Poursuivre, comme nous le faisons depuis plus de vingt ans, une politique d’allégements de cotisations patronales fléchée sur les seuls bas salaires est, à cet égard, un contresens. La conséquence est que l’industrie et les services à l’industrie, qui emploient massivement des salariés qualifiés, sont pénalisés par rapport à d’autres secteurs d’activité, protégés, eux, de la concurrence internationale. Or la mondialisation de l’économie impose d’avoir un coût du travail compatible avec le niveau de spécialisation et le positionnement de gamme de l’industrie. Un coût trop élevé, comme c’est le cas en France du fait du poids excessif des prélèvements sur le travail, contraint les entreprises industrielles à rogner sur leurs marges, au détriment de l’investissement, de l’innovation et in fine de l’emploi. La tentation du gouvernement peut être de sacrifier l’enjeu de la compétitivité de l’économie à des considérations politiques de court terme : cibler les bas salaires a un impact rapide sur l’emploi. Mais il n’est pas sûr que l’emploi soit gagnant à moyen et long terme.
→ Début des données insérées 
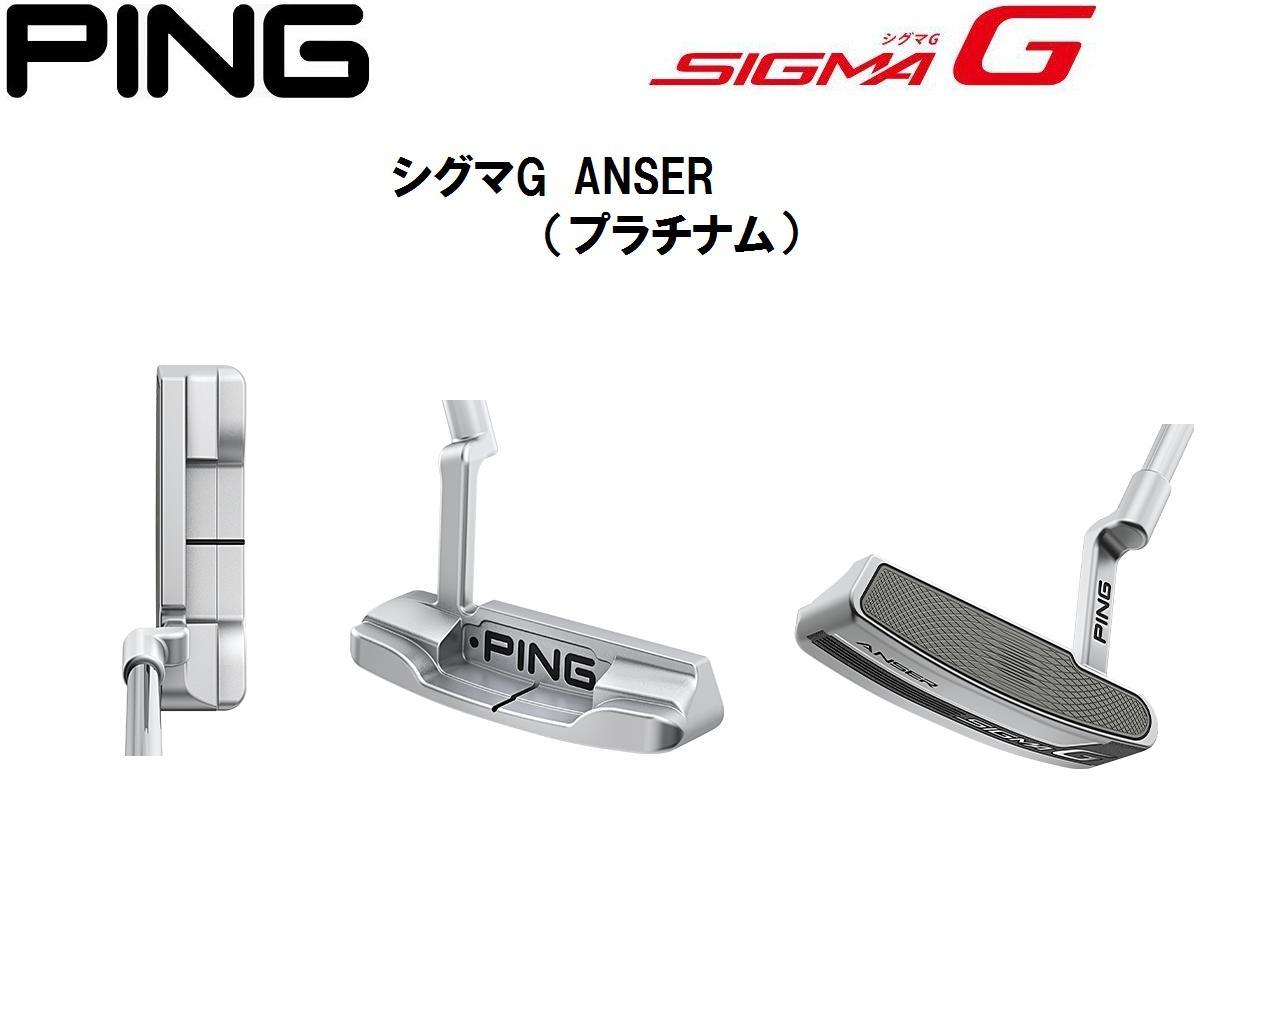 【新品】PING SIGMA G ANSER PUTTER  ピン シグマG アンサー プラチナム仕上げ パター (シャフト固定式) PP60 グリップ 日本正規品 ヘッドカバー付き

La persistance d’un chômage de masse en France (9,7 % en septembre 2017, contre 7,5 % en Europe, 3,7 % en Allemagne, 4,2 % au Royaume-Uni…) devrait poser la question de la pertinence du ciblage de la politique d’allégements sur les seuls bas salaires, telle qu’elle est poursuivie depuis plusieurs décennies par nos gouvernements successifs.

Ce qu’il faut retenir

// Le crédit d’impôt pour la compétitivité et l’emploi (CICE) est un avantage fiscal qui permet à certaines entreprises de bénéficier d’une baisse de leurs cotisations sociales. Il sera remplacé en 2019 par un allégement de cotisations patronales de 10 % jusqu’à 1,5 fois le Smic et de 6 % entre 1,6 et 2,5 Smic.

// Avec un élargissement des salariés concernés par la mesure, le gouvernement entend notamment cibler les entreprises industrielles qui veulent exporter et aider ainsi à renforcer la compétitivité du secteur en France.

// La mise en place de la réforme coûterait cher (2,9 milliards d’euros selon certains chiffrages).

En chiffres

17,9 milliards, C’est le coût pour les finances publiques du CICE en 2015. Source : Rapport du comité de suivi et d’évaluation du Crédit d’impôt pour la compétitivité et l’emploi (CICE), octobre 2017

7 % C’est le taux de réduction des charges patronales sur les salaires ne dépassant pas 2,5 fois le Smic (depuis le 1er janvier 2017). Source : www.service-public.fr

(1) Observatoire français des conjonctures économiques

(1) Laboratoire interdisciplinaire de recherches en sciences de l’action (Lirsa).

(2) Centre d’études de l’emploi et du travail (CEET).

(1) Union des industries et métiers de la métallurgie (UIMM).